## EXERCISE DETAILS
Set down, character for character, everything in the records below from the line holding "Vans Classic Slip-on" down to the line holding "Több országban is", and no other line.

## DATA SHOWN
————

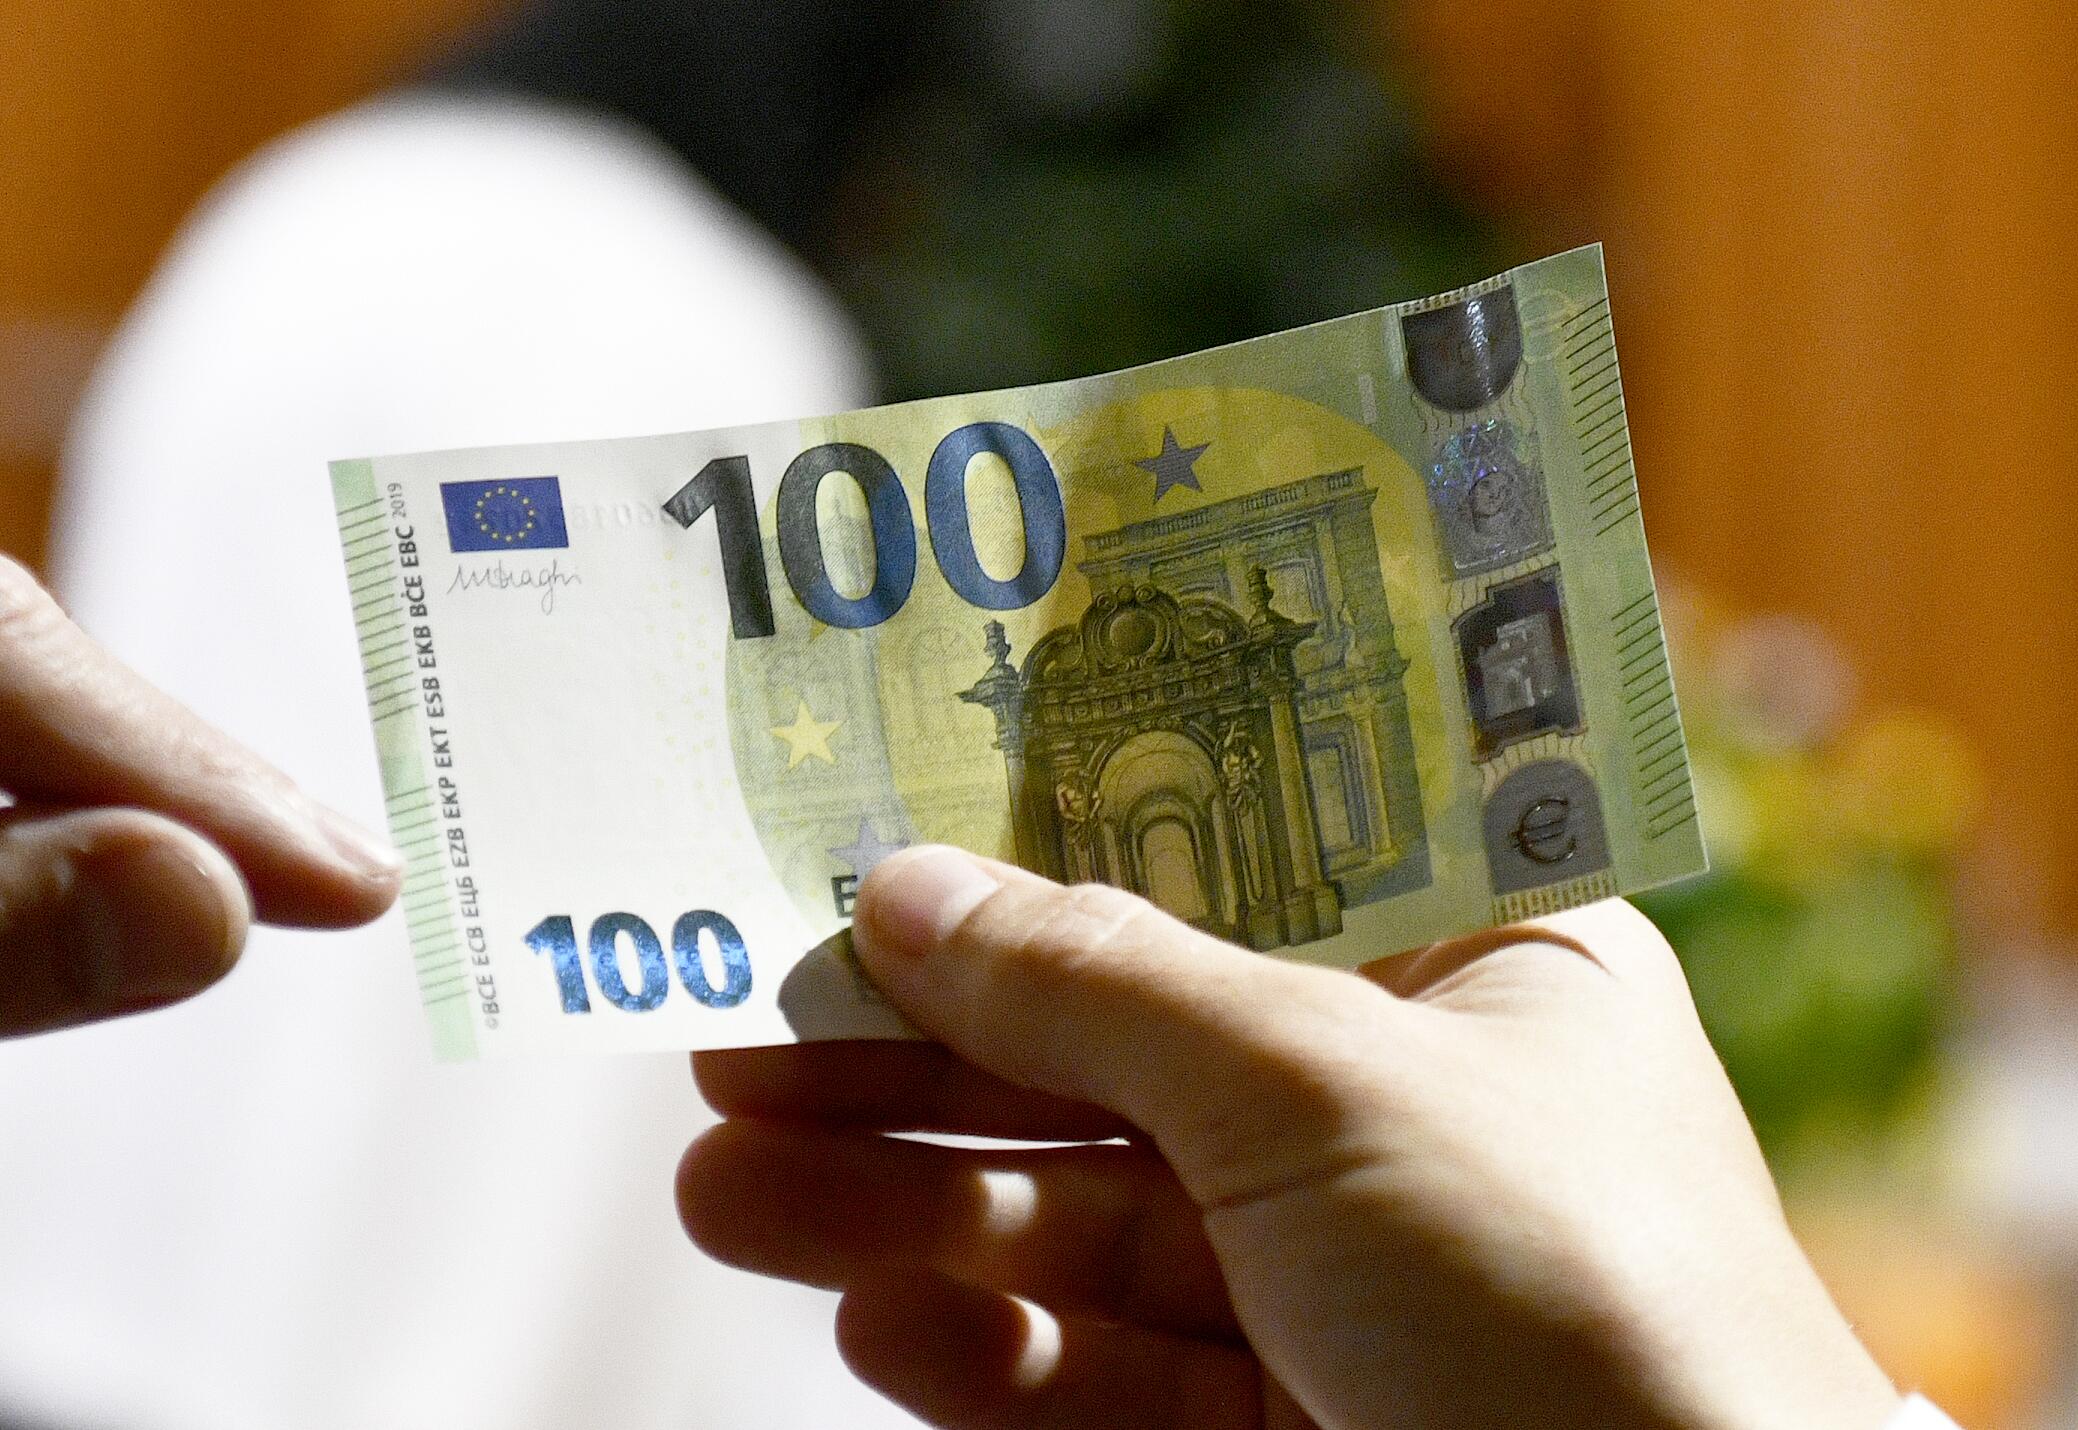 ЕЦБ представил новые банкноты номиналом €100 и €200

————

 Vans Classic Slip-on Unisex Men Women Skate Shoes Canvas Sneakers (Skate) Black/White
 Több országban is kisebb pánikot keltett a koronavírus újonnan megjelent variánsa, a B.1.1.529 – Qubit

————

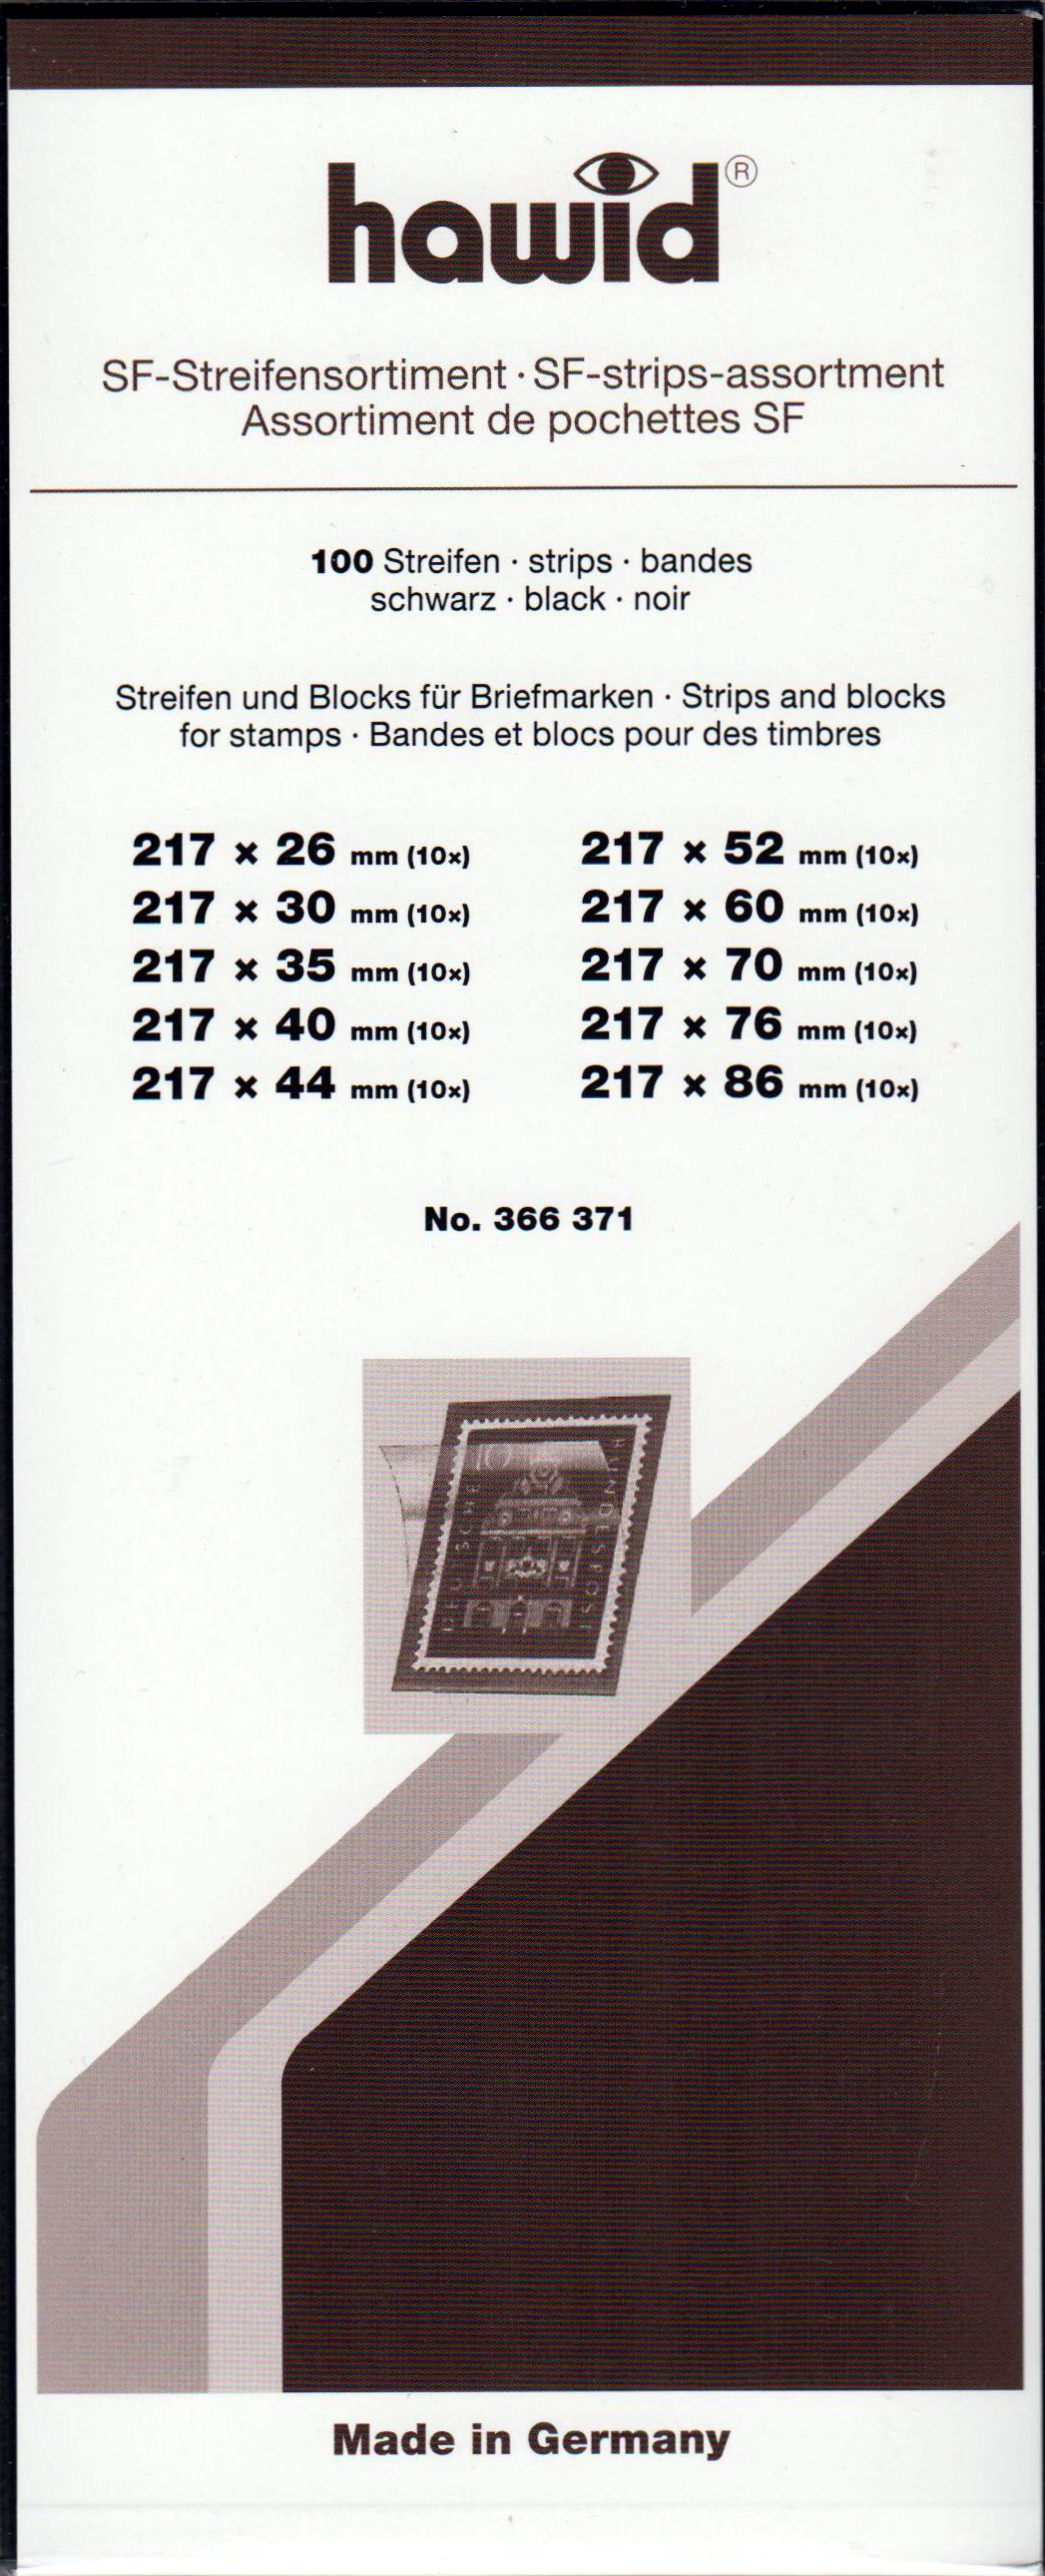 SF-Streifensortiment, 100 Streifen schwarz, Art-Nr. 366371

————

## YOUR RESPONSE
 Vans Classic Slip-on Unisex Men Women Skate Shoes Canvas Sneakers (Skate) Black/White
 Több országban is kisebb pánikot keltett a koronavírus újonnan megjelent variánsa, a B.1.1.529 – Qubit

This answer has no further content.